### What the task requires
Look through the data below for the string "para", and copy every line where it turns up.

Dataset excerpts
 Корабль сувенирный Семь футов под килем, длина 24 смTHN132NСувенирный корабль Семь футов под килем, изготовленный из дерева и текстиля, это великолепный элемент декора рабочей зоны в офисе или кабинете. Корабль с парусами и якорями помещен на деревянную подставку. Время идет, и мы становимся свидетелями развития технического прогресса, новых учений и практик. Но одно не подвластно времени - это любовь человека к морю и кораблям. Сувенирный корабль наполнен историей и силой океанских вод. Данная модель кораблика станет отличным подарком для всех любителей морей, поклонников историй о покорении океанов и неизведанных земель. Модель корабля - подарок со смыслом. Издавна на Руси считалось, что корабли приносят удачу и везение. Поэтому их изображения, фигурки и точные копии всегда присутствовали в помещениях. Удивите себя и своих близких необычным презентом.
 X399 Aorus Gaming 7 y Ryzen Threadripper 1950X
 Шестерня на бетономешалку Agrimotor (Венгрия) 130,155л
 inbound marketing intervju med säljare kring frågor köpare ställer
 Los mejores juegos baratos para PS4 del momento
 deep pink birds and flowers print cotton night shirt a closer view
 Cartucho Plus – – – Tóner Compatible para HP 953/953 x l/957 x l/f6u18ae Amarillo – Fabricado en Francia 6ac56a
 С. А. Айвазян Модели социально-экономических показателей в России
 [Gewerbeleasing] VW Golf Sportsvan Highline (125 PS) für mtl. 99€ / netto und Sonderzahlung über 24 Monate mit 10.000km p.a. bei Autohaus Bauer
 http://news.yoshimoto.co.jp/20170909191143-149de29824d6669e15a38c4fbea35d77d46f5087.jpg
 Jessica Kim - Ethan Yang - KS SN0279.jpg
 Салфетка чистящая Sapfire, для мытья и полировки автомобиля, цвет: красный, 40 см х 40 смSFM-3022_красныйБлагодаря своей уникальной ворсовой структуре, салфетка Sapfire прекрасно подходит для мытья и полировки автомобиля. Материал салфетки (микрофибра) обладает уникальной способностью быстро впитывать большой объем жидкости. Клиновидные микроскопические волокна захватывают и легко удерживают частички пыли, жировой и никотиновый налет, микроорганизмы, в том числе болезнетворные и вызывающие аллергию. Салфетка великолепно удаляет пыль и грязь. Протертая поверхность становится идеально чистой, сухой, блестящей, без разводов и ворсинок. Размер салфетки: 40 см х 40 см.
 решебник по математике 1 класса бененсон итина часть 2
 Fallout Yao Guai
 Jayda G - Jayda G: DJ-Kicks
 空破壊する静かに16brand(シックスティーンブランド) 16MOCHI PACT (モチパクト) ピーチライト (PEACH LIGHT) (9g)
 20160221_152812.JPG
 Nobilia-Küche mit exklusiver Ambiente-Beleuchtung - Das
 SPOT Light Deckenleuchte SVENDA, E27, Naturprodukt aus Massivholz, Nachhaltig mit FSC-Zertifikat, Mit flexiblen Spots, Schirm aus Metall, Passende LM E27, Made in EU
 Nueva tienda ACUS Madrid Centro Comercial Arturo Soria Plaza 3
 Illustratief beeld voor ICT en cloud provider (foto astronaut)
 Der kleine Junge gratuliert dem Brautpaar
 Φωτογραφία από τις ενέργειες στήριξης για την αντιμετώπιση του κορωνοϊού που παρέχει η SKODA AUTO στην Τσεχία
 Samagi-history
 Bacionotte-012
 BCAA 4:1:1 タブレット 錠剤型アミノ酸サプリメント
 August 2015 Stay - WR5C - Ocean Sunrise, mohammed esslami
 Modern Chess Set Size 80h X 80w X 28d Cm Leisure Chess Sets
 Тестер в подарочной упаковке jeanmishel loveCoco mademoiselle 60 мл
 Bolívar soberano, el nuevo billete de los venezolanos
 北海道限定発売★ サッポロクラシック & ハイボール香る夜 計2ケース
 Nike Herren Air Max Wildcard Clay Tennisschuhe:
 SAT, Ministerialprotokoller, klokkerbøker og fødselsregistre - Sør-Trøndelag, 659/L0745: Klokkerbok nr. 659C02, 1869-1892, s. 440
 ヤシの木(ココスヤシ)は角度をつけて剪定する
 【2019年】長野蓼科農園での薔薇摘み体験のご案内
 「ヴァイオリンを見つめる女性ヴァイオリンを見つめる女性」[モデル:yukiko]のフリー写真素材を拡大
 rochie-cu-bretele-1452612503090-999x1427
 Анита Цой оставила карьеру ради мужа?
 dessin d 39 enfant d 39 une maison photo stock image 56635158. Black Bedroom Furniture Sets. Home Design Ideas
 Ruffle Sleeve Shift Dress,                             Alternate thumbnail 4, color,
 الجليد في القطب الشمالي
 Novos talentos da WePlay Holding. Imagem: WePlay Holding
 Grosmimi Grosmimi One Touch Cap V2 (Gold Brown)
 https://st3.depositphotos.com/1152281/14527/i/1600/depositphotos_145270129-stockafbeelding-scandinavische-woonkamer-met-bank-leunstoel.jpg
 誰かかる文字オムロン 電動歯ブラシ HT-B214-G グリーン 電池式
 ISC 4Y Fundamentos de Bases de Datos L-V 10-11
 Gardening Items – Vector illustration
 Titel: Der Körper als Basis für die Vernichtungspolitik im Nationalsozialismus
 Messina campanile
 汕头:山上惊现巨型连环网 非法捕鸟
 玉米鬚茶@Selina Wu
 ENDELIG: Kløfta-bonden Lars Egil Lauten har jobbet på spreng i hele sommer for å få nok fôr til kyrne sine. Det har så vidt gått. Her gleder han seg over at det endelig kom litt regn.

### Worked solution
 Los mejores juegos baratos para PS4 del momento
 Cartucho Plus – – – Tóner Compatible para HP 953/953 x l/957 x l/f6u18ae Amarillo – Fabricado en Francia 6ac56a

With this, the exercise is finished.